- What needs to be done: An exact restatement of the data is required, with the images omitted.

- Data section:
■ ■ ■ ■ ■ ■ ■
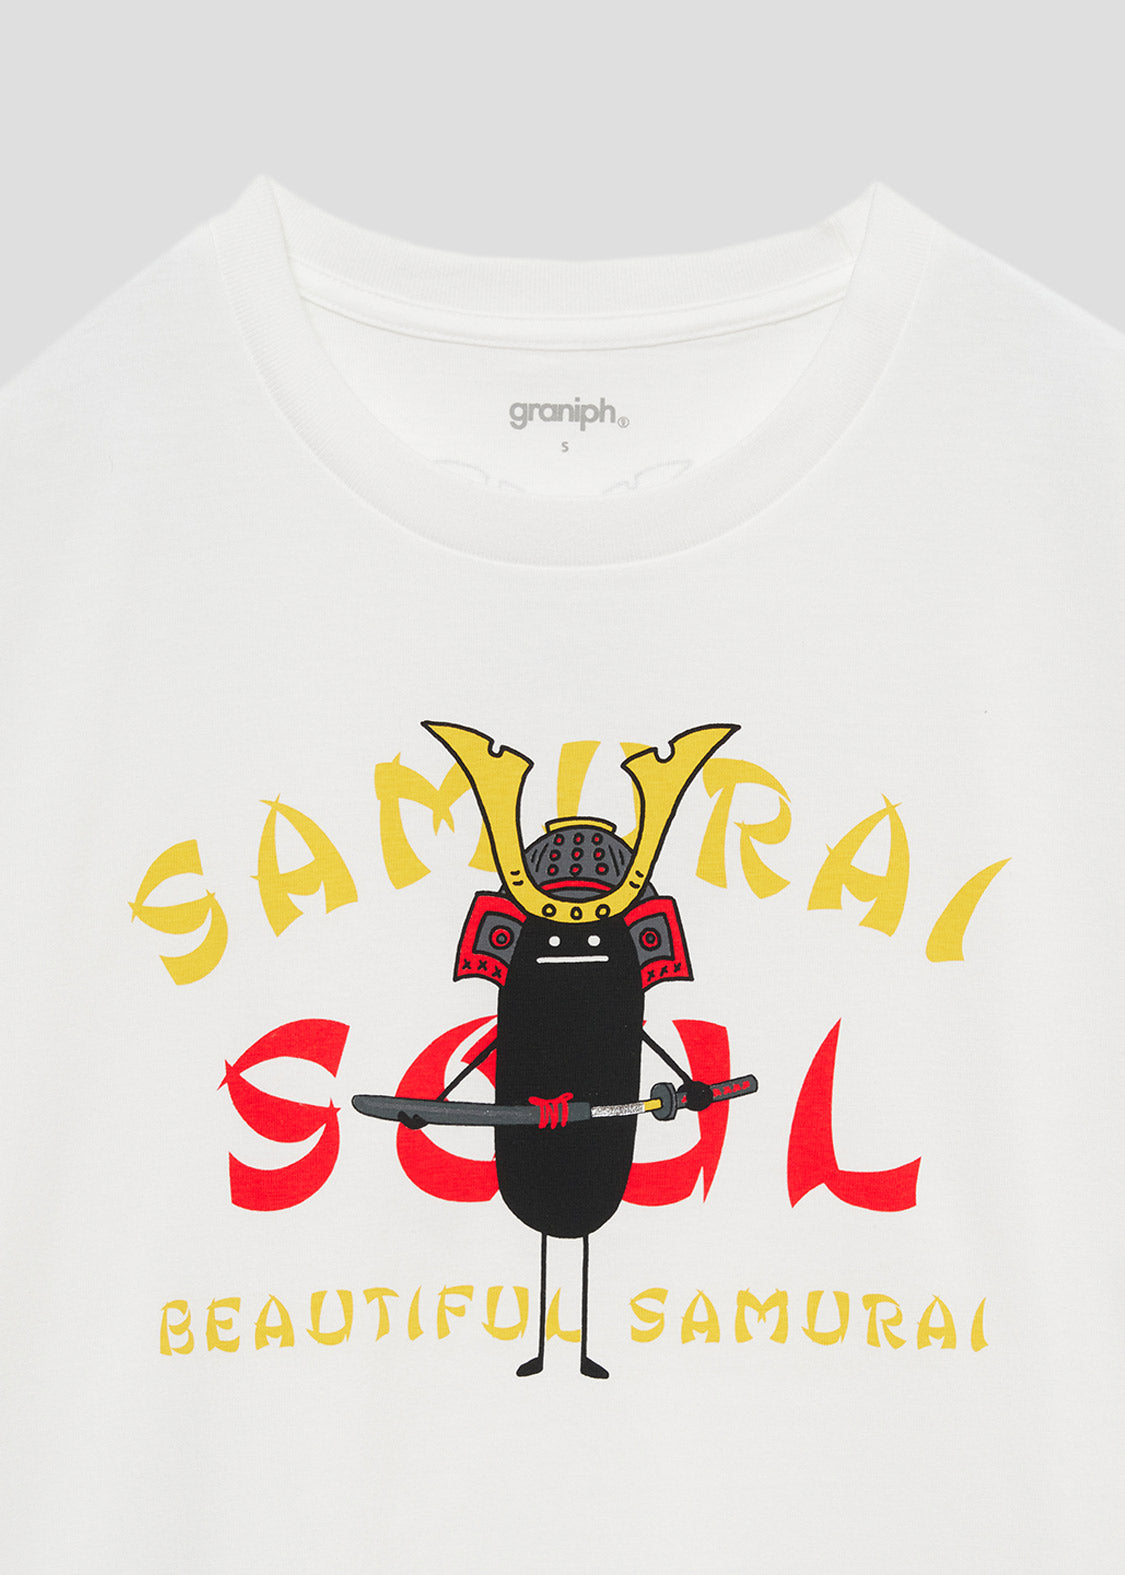 Samurai Beautiful Shadow
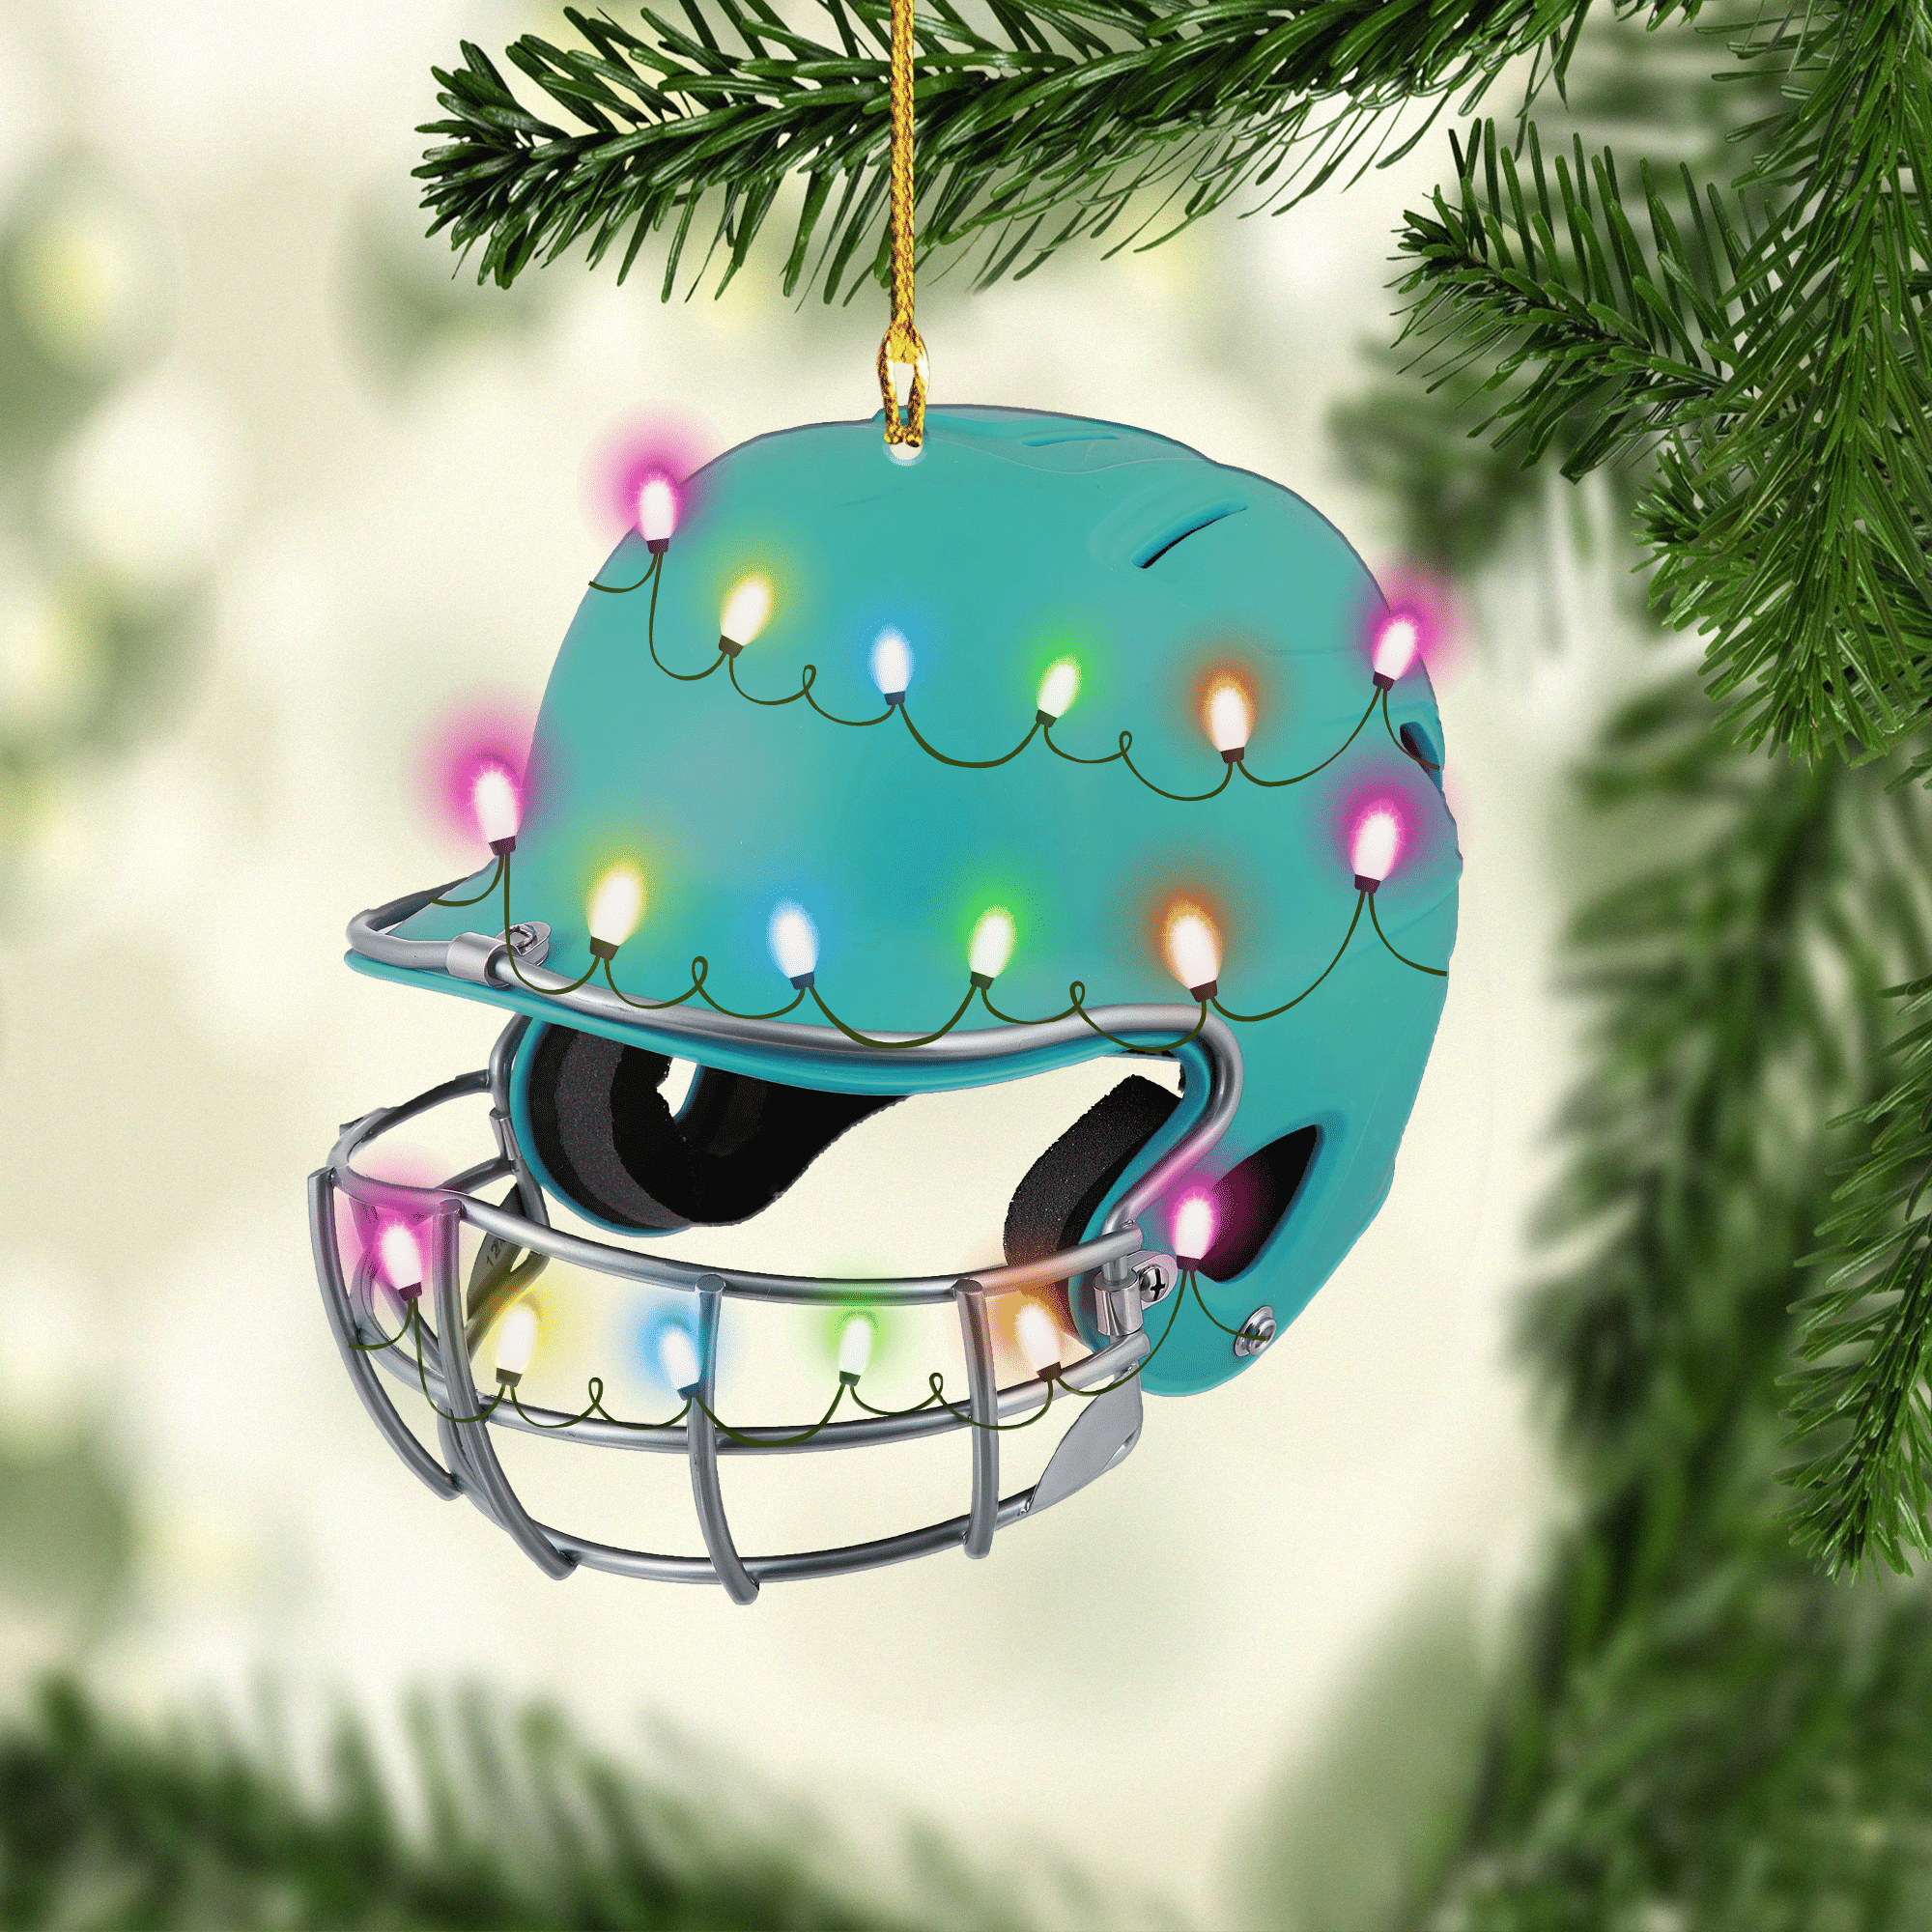 Any Color Softball Batting Helmet Christmas Acrylic Shaped Ornaments/ Gift for Son Men
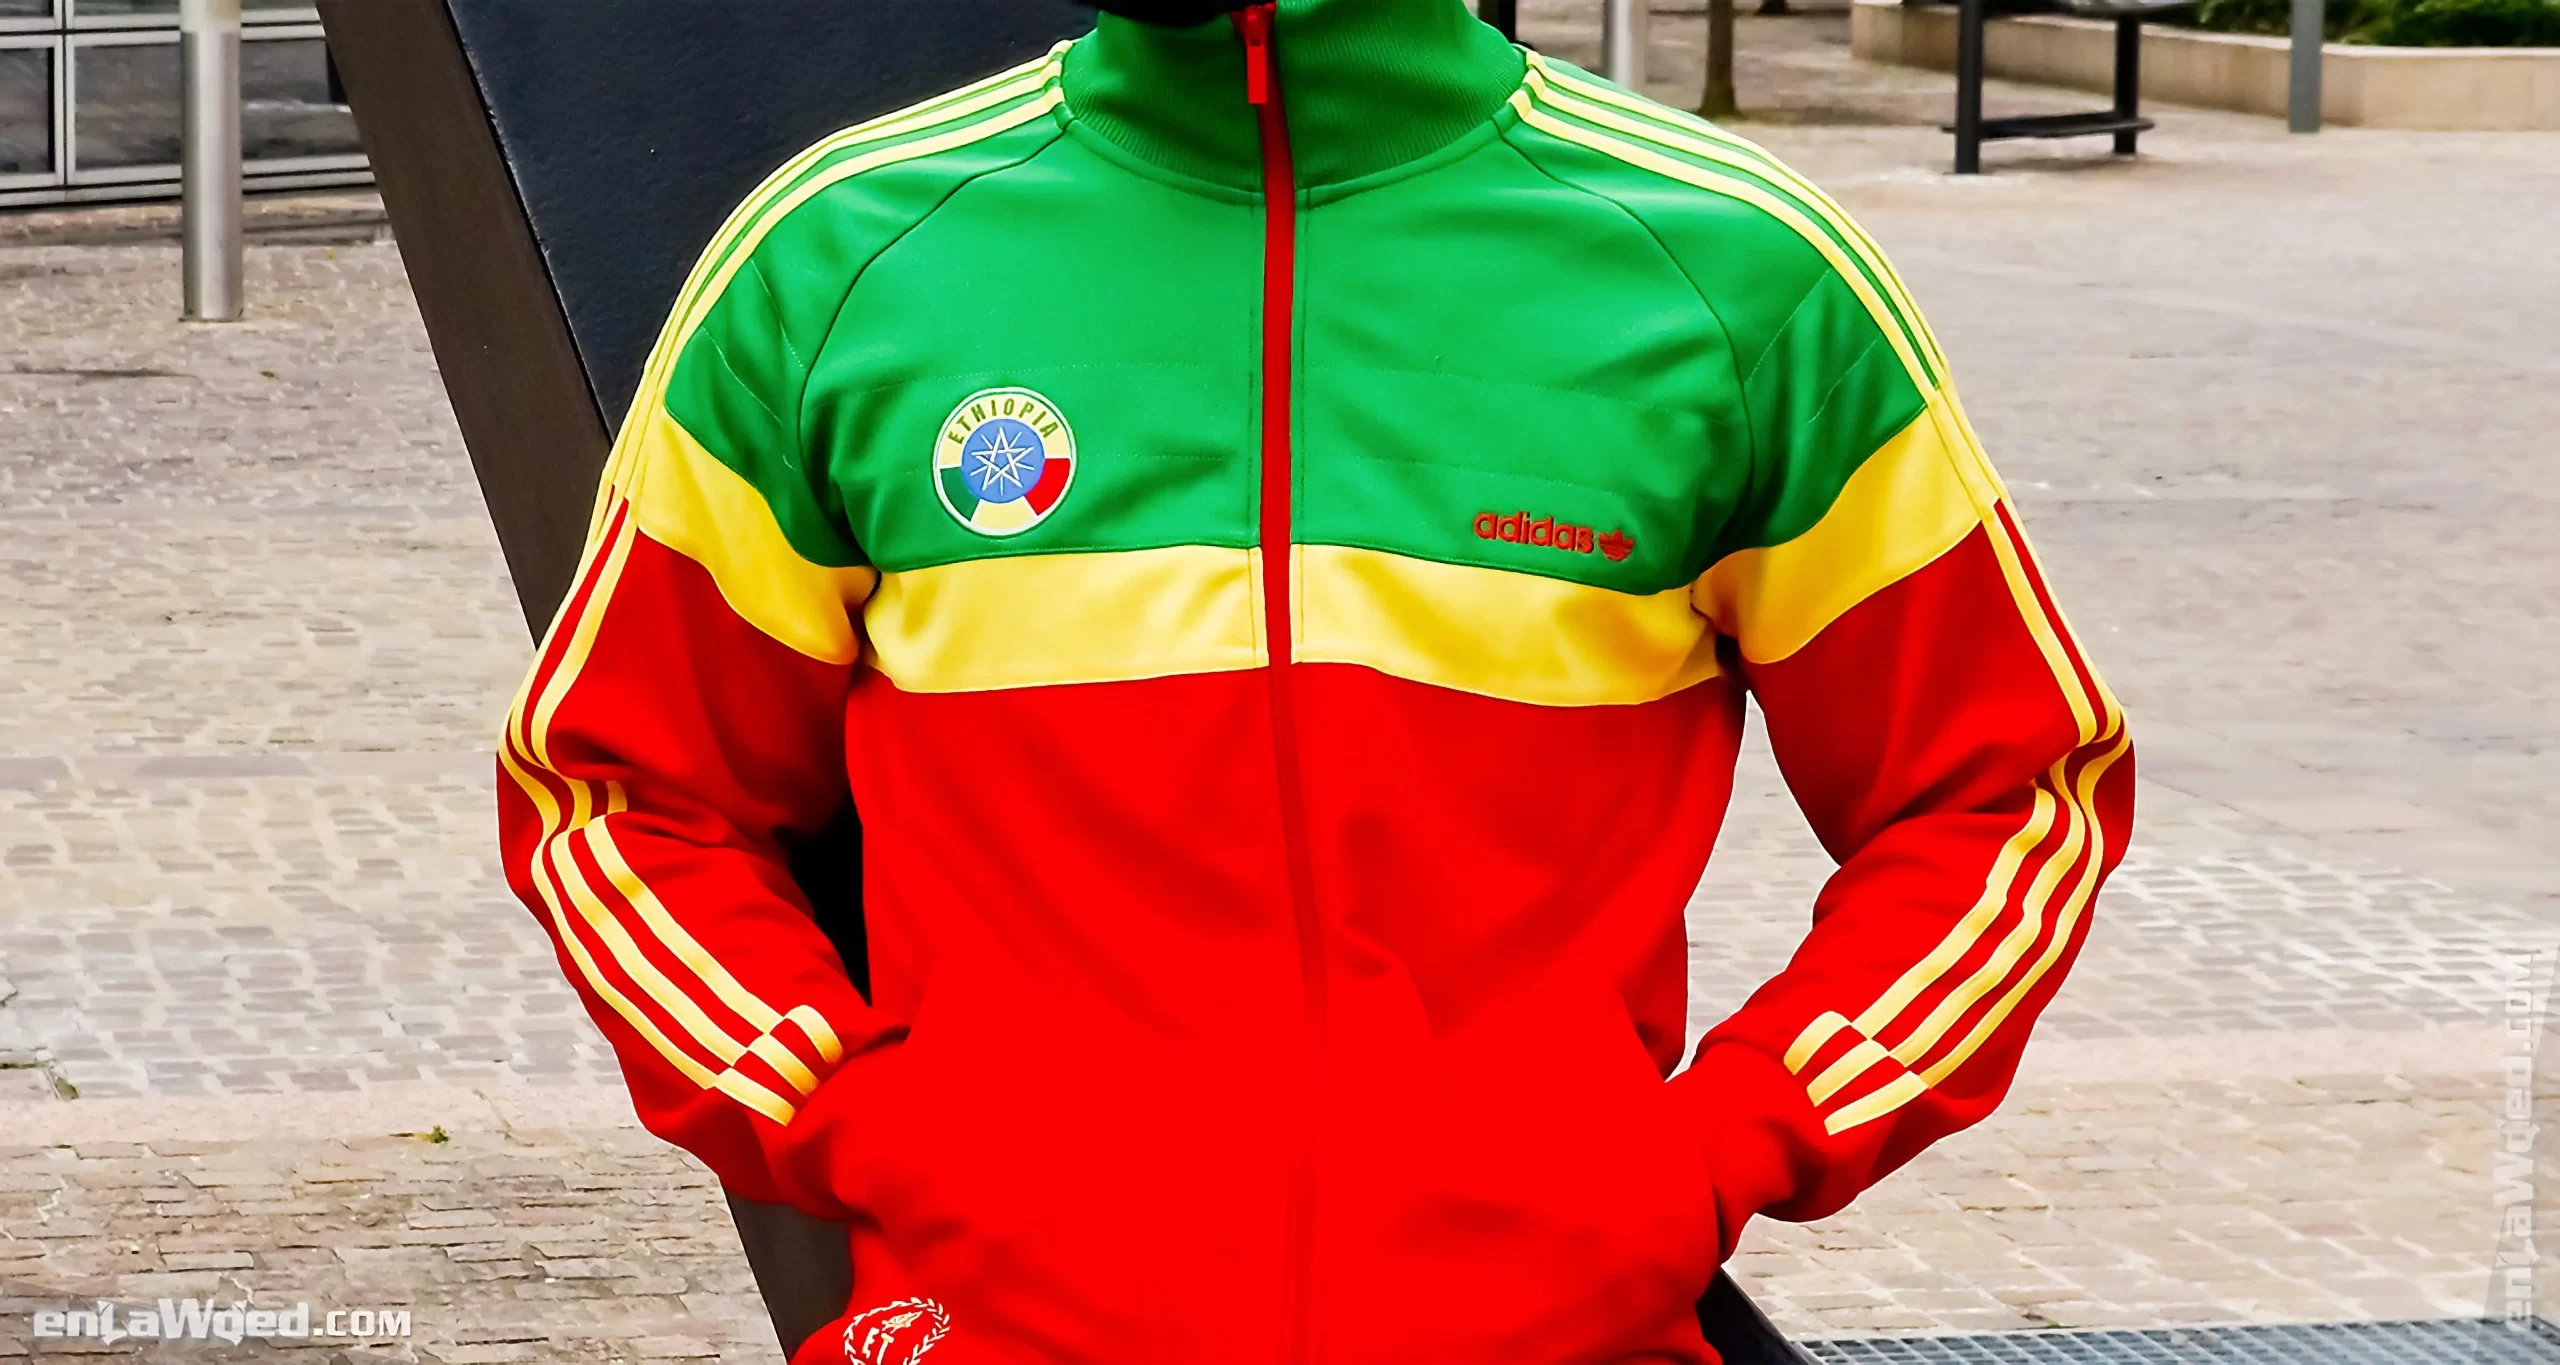 Men's 2008 Ethiopia Track Top by Adidas Originals: Masterclass (EnLawded.com file #lmchk89709ip2y121467kg9st)
■ ■ ■ ■ ■ ■ ■
- Task response:
 Samurai Beautiful Shadow
 Any Color Softball Batting Helmet Christmas Acrylic Shaped Ornaments/ Gift for Son Men
 Men's 2008 Ethiopia Track Top by Adidas Originals: Masterclass (EnLawded.com file #lmchk89709ip2y121467kg9st)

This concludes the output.